We documented the existence of a sophisticated surveillance system at Fukushima Daiichi. This system, even if damaged likely sent some usable data to servers that could be retrieved. TEPCO to date has not done anything about making any of this data public.
TEPCO plans to build a to scale reactor model to test technologies needed to decommission Daiichi. Later in the year it was announced that they would scrap units 5 and 6 on site. Unit 5 will become a “test” reactor to try work before attempting the same work in the damaged unit. The US Department of Energy suggested TEPCO should fill the reactors with concrete and leave them on site. This option ignores the high rate of groundwater flow through the site. We looked at the DOE track record on decommissioning in the US. TEPCO also announced they planned to create a decommissioning division that would operate separate from the rest of the company.
Highly radioactive debris pieces were found in Naraha 15km from the plant. It was suspected they came from the explosions at the plant. Further investigation showed that they did.
Radiation alarms began going off at the plant randomly. The first incident was assumed to be contaminated water in the misting system to keep workers cool while they waited for busses. It happened a second time after the misting system had been disabled. This continued to happen in a line with the anti-seismic building. TEPCO has yet to admit a source for this but they did happen while work to remove debris went on at unit 3 though no direct connection has been made.
A very weird set of statements out of TEPCO, one of their consultants and the NRA left people wondering what they were talking about. They all hinted at much bigger problems at the plant but nobody would admit what they were talking about.

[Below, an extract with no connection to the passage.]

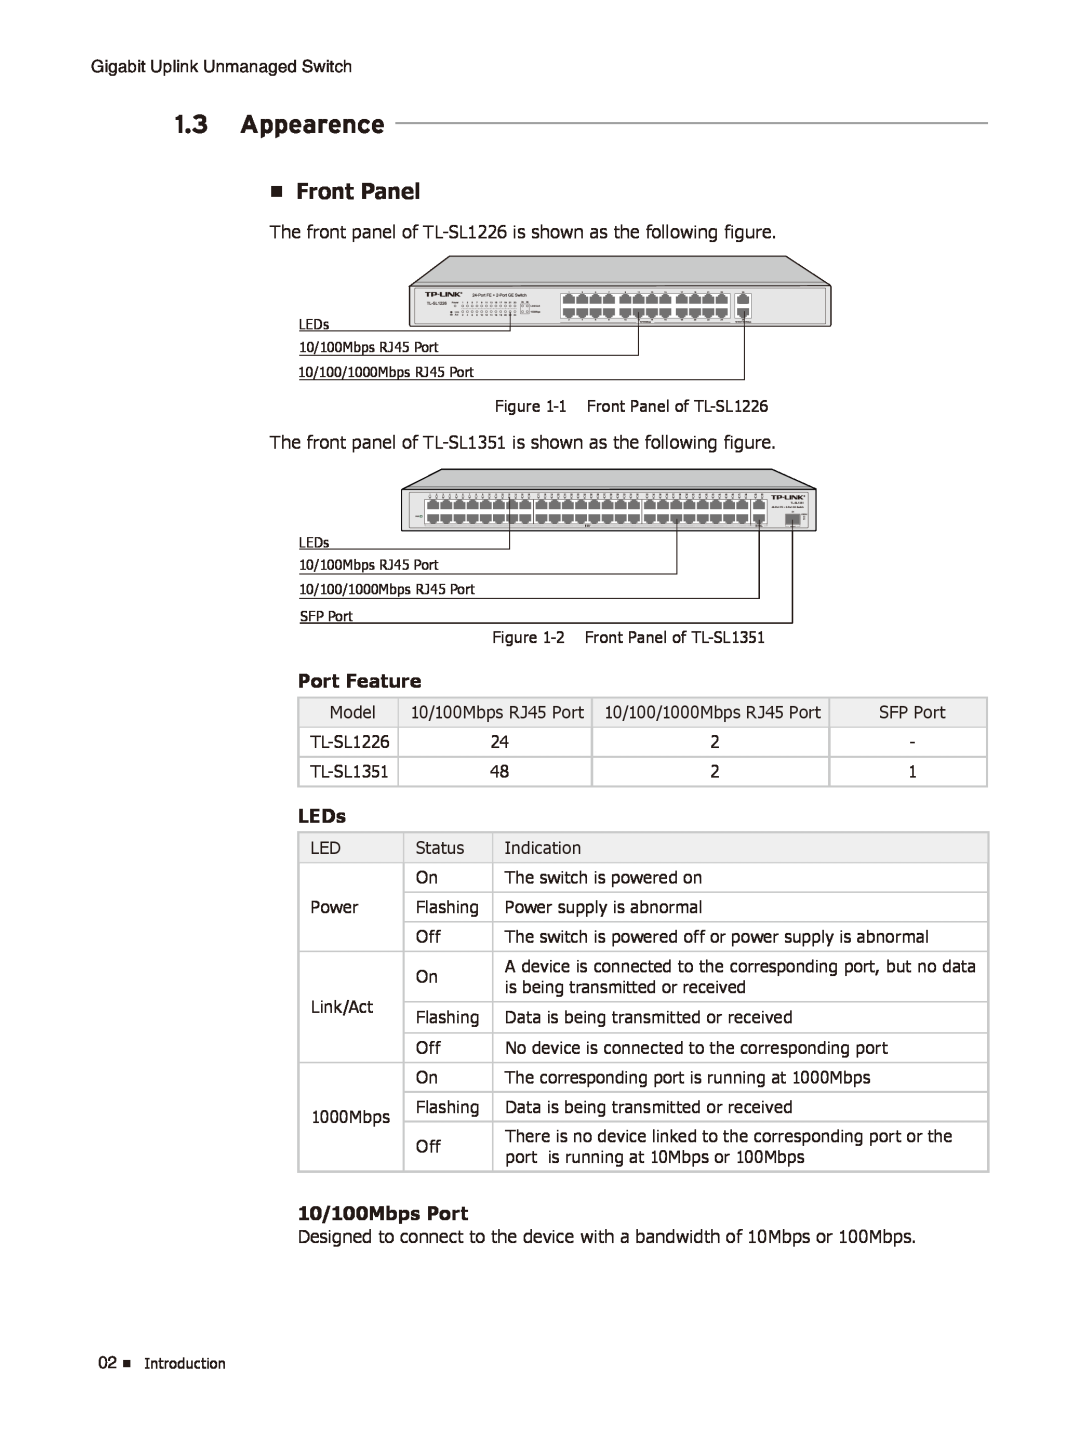 TP-Link TL-SL1226/TL-SL1351 manual Appearence, Front Panel, Port Feature, LEDs, 10/100Mbps Port

In late August Masao Yoshidia died after fighting esophageal cancer and a stroke. The leader of the Fukushima 50 was at times blamed by TEPCO for the issues at the plant. Yoshida’s interviews while he was still in charge at Daiichi and later with a journalist showed otherwise. The man who knew more about the disaster than any other may have taken much of that information with him to his grave. His efforts at times defying TEPCO’s corporate office were key in keeping the disaster from spiraling further out of control.
One of the large construction cranes on site failed in September. TEPCO cited cracked steel as the cause for the failure.
As more academic studies of the radiation releases from Fukushima Daiichi came out we reviewed these studies to create a range of possible radiation releases. We found that most of these studies estimated much higher than TEPCO and the Japanese agencies did. One study that used CTBTO station data to compare against other studies found on the high end a huge discrepancy from most of the estimates. More research is obviously needed to fully understand the extent of the releases. Peter Melzer also took a look at some factors related to the reactor venting systems that may have played a role in their function during the disaster.
TEPCO released a new decommissioning schedule that has all of the spent fuel to begin being removed from the reactor buildings by 2017.
A startling admission in December from TEPCO that cooling water that was being so desperately injected into the reactors to try to prevent meltdowns in 2011 did not make it into the reactors. The water was back flowing into pipe systems in the turbine buildings. A lack of check valves and valves along the system that failed open when the power went out created this situation. This may be one of the biggest revelations of the last year that could change many of the assumptions and computer models of the meltdowns.